Justine was like her father, fair faced and straight of form. Her hair was long and reddish-brown, her brow was broad and full, her eyes big and brown and soft with love, her cheeks smooth and clear. A trifle above the medium height, straight and strong, of slender mold, she was as graceful as a gazelle. Health seemed to glow in the atmosphere about her.

With Jud, too, the realization of love and the feeling that there was something to live for, brought a change. His stooping shoulders straightened, his eyes brightened, his steps became springy. He whistled and sang at his work, took an interest in life, and presently even resumed his drawing. The country folk winked knowingly. The two were constantly together when opportunity afforded, so it soon became common report that he was her "feller, fer sure," and she was his "girl."

One evening, as they sat in the dusk down by the creek, which ran through her bit of pasture land, Jud drew his mother's plain gold ring from his little finger and slipped it upon Justine's third. They were betrothed.

Never were such sweethearts as Jud and Justine. They were lovers, friends, comrades. Her sweet, serious face took a new life, new color at his approach, her dreamy eyes grew softer and more wistful, her low voice more musical. Her soul was his, her life belonged to him, her heart beat only for him. Jud's famished hopes of something beyond the farm found fresh encouragement in her simple, wondering praise. She was his critic, his unconscious mentor. Beneath her untrained eye he sketched as he never sketched before. Looking over his shoulder as he lay stretched upon the grass, she marveled at the skill with which his pencil transferred the world about them to the dearly bought drawing pads, and her enthusiastic little cries of delight were tributes that brought confidence to the heart of the artist.
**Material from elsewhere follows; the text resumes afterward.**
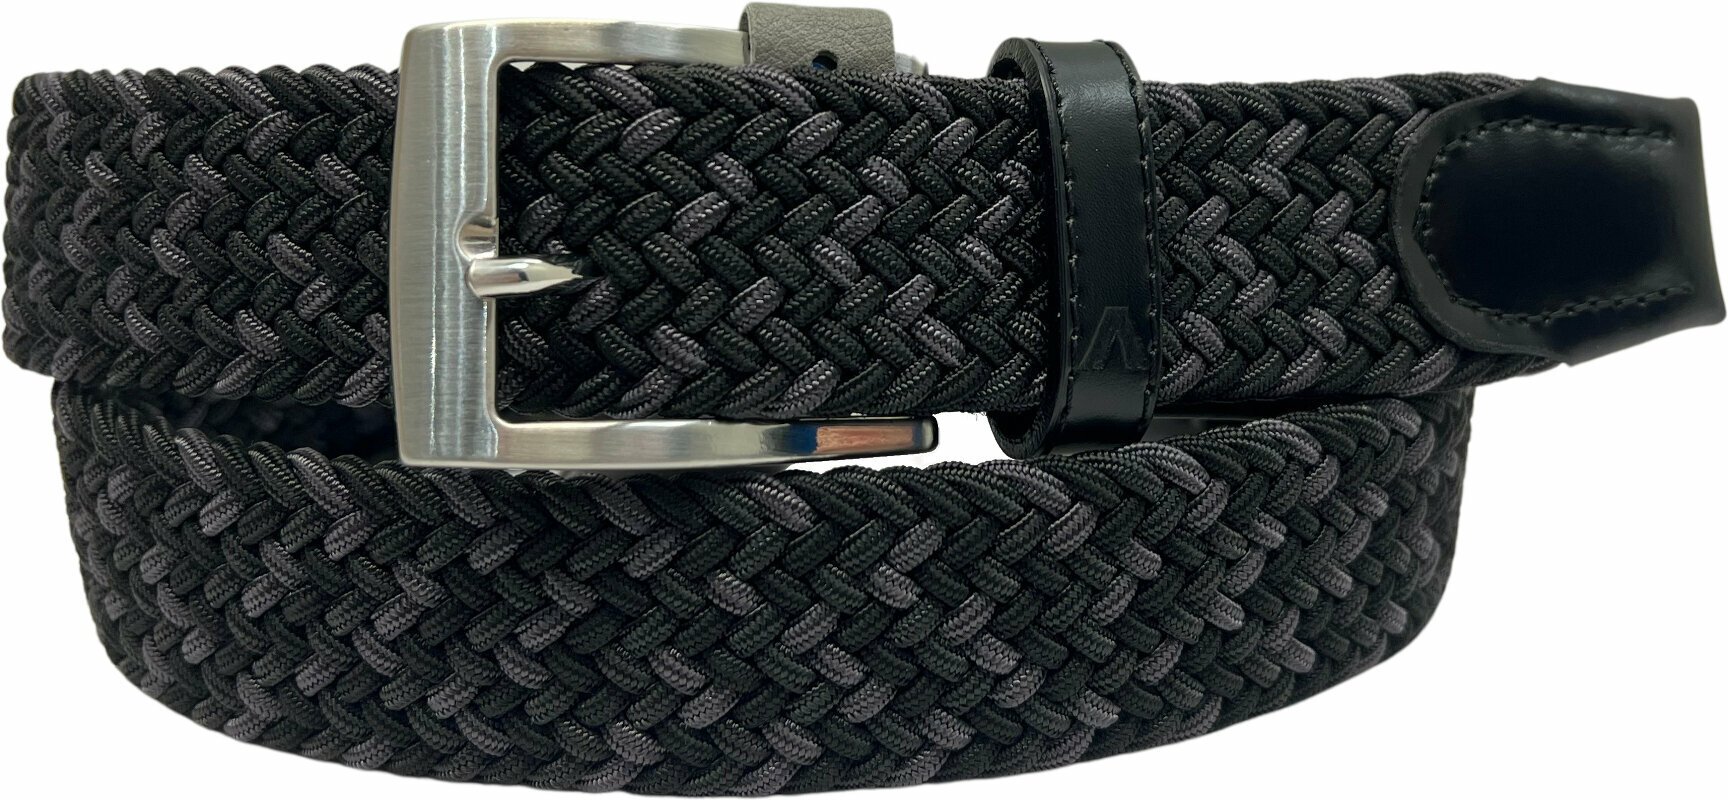 Cinture Alberto Gürtel Multicolor Braided Belt Black/Grey 100

The girl had scores of admirers. Every boy, every man in the township longed to "make up" to her, but she gave no thought to them. Half a dozen widowers with children asked her to marry them. She and Jud laughed when Eversole Baker besought her to become mother to his nine children, including two daughters older than herself.

But there was one determined suitor, and she feared him with an uncanny dread that knew no rest until she was safely Jud's on the wedding night. That one was Eugene Crawley, drunkard and blasphemer.

Crawley was born in the dense timber land north of Glenville. His father had been a woodchopper, hunter, and fisherman. Hard stories came down to town about Sam Crawley. Of 'Gene, the boy, nothing against his honesty at least could be said. He was a vile wretch when drinking, little better when sober, but he was as honest as the sun.

He had gone to school with Jud and Justine when they were little "tads," and his rough affection for her began when they were mastering the "first reader." He and Jud had fought over her twice and each had been a victor. The girl despised him, from childhood, and he knew it. Still, he clung to the hope that he could take her away from his rival. He dogged her footsteps, frightened her with his mad protestations, and finally alarmed her by his threats. The day before the wedding he had met her as she left the schoolhouse and had sworn to kill Jud Sherrod. She did not tell Jud of this, nor did she tell him that she had pleaded with Crawley to spare her lover's life. Had she told Jud all this she would have been obliged to tell him how the brute had suddenly burst into tears and promised he would not harm Jud if he could help it.